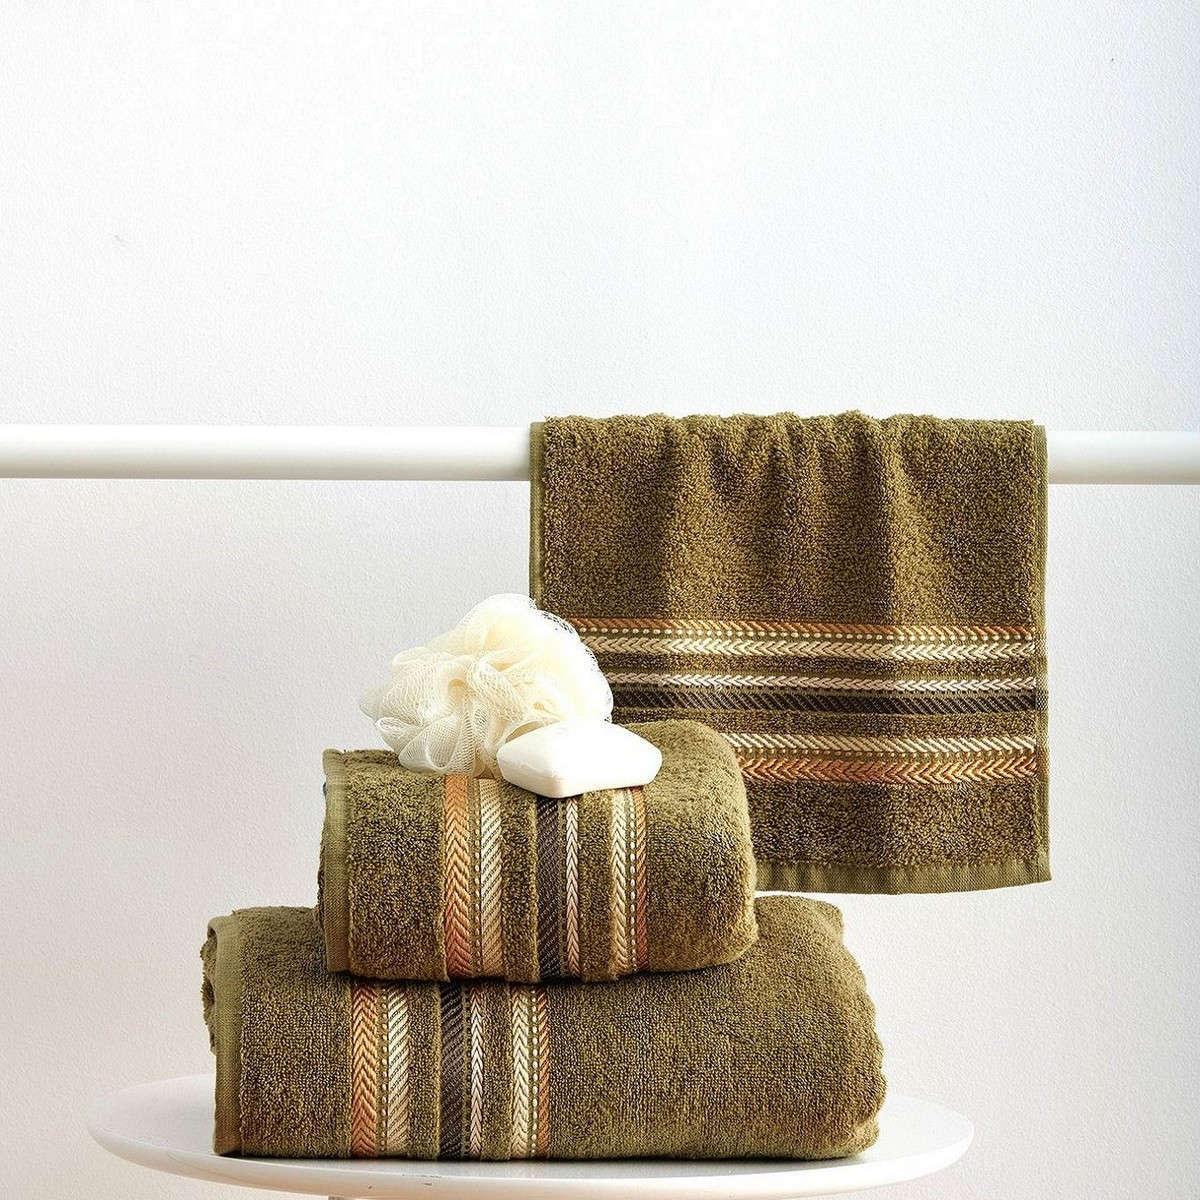 Πετσέτες Σετ 3Τεμ. Timothy Olive Sb Home Σετ Πετσέτες
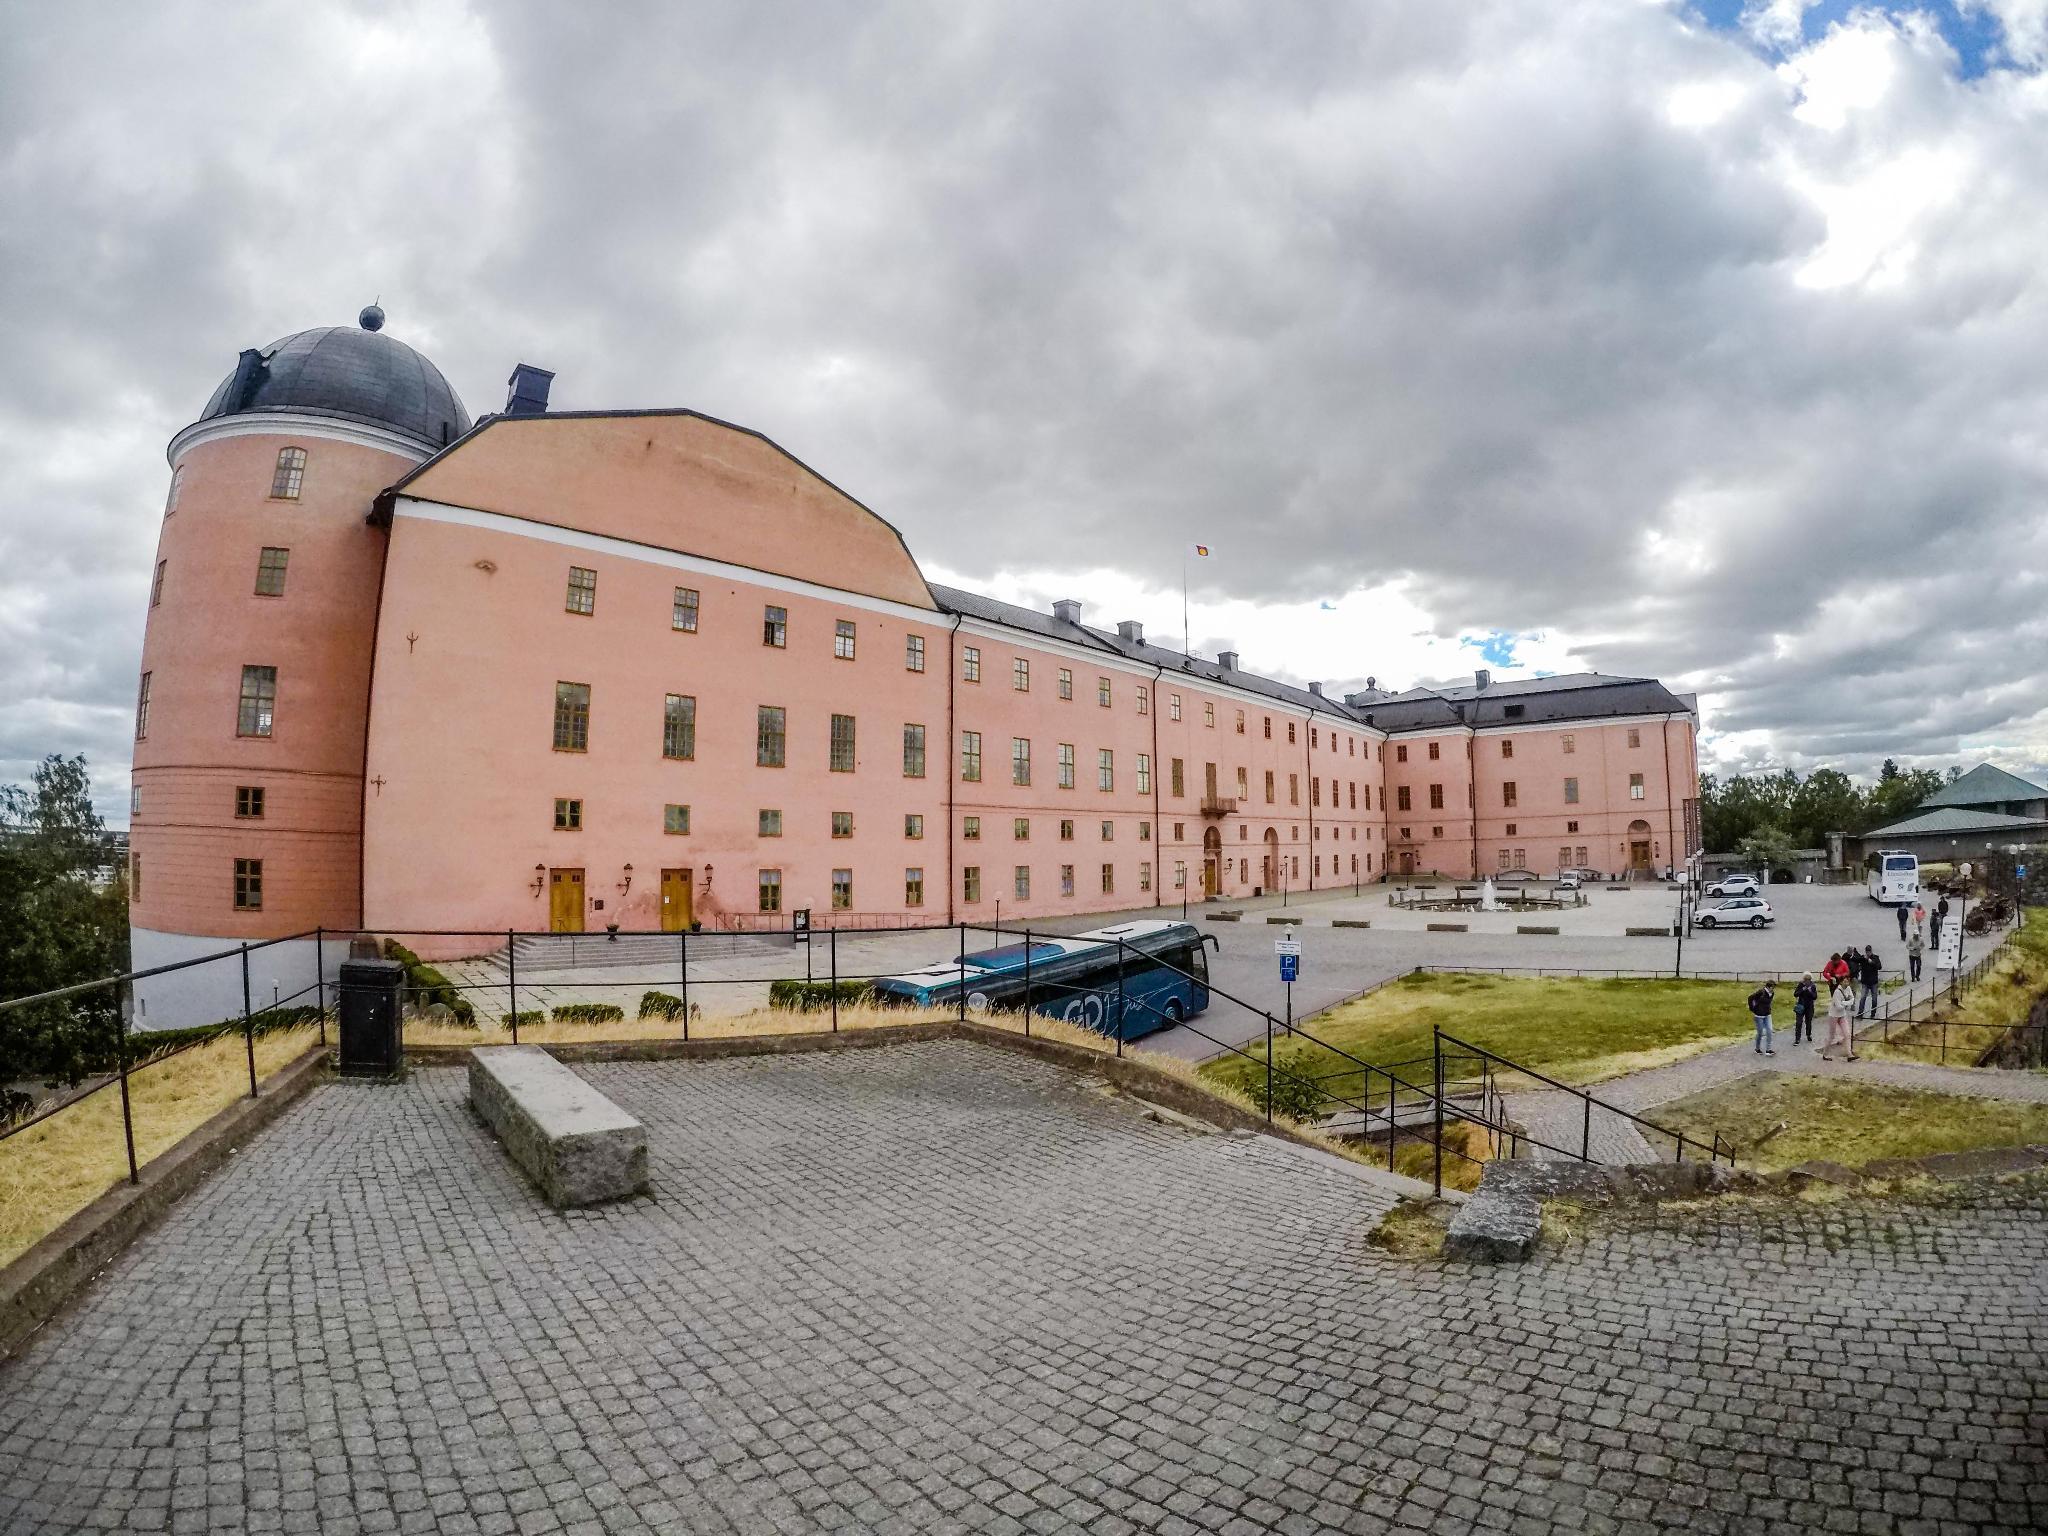 【北歐景點】瑞典的歷史縮影 — 老城烏普薩拉(Uppsala)的人文風景 11
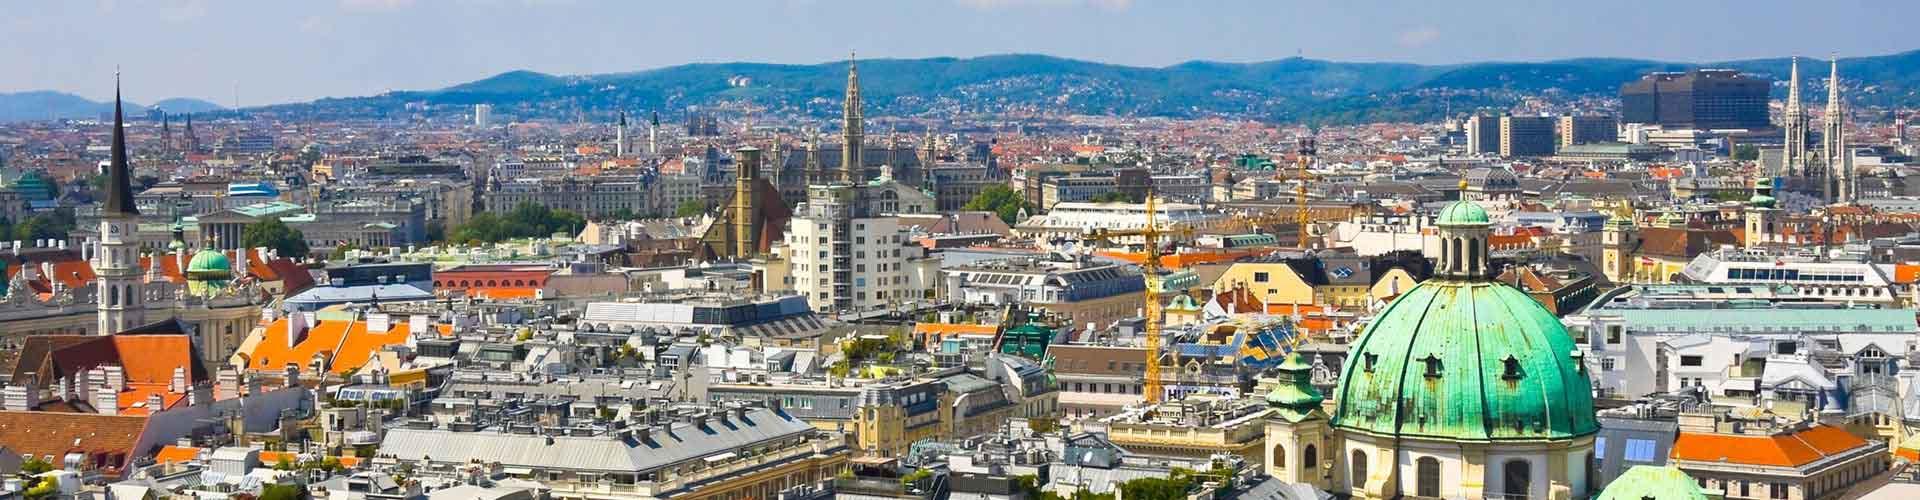 Wien – Hostels in Wien. Wien auf der Karte. Fotos und Bewertungen für jedes Hostel in Wien.
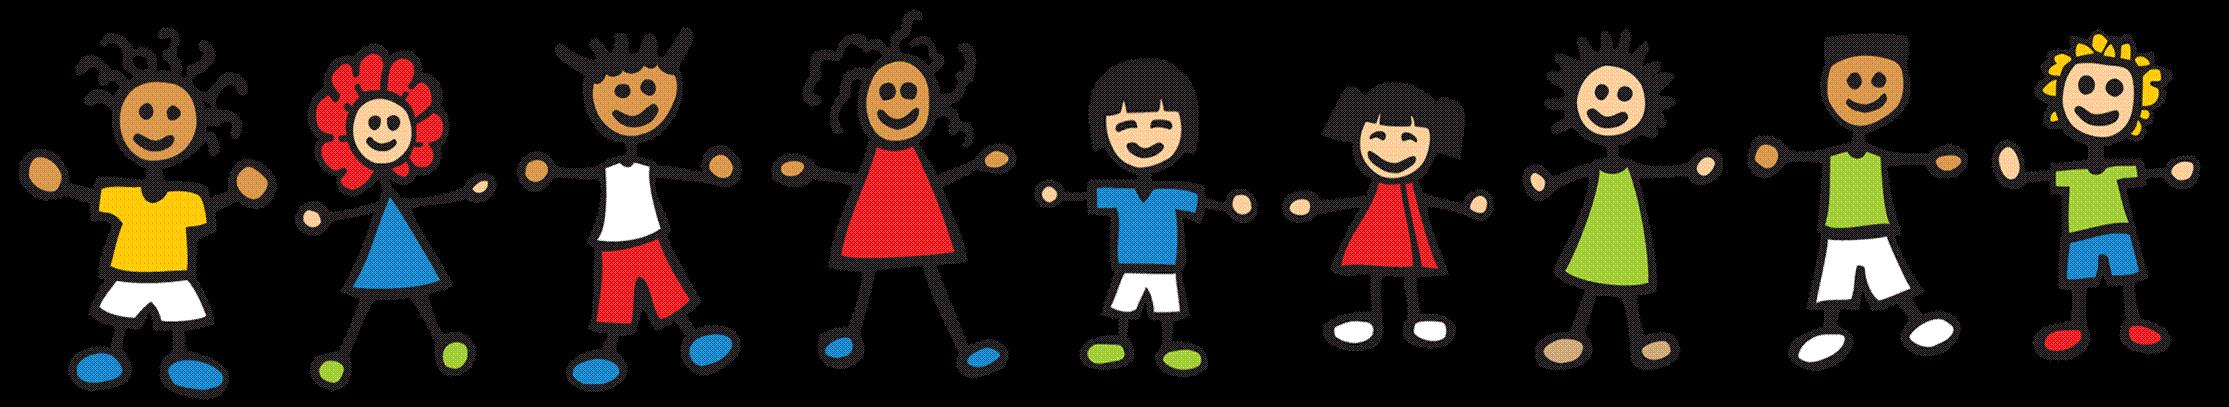 preschool-children-playing-clip-art

=== Instructions to follow ===
Each line from the line containing "Wien – Hostels" through the final line of the data above must be retyped exactly; nothing else, and no pictures, may appear.

=== Answer to the exercise ===
 Wien – Hostels in Wien. Wien auf der Karte. Fotos und Bewertungen für jedes Hostel in Wien.
 preschool-children-playing-clip-art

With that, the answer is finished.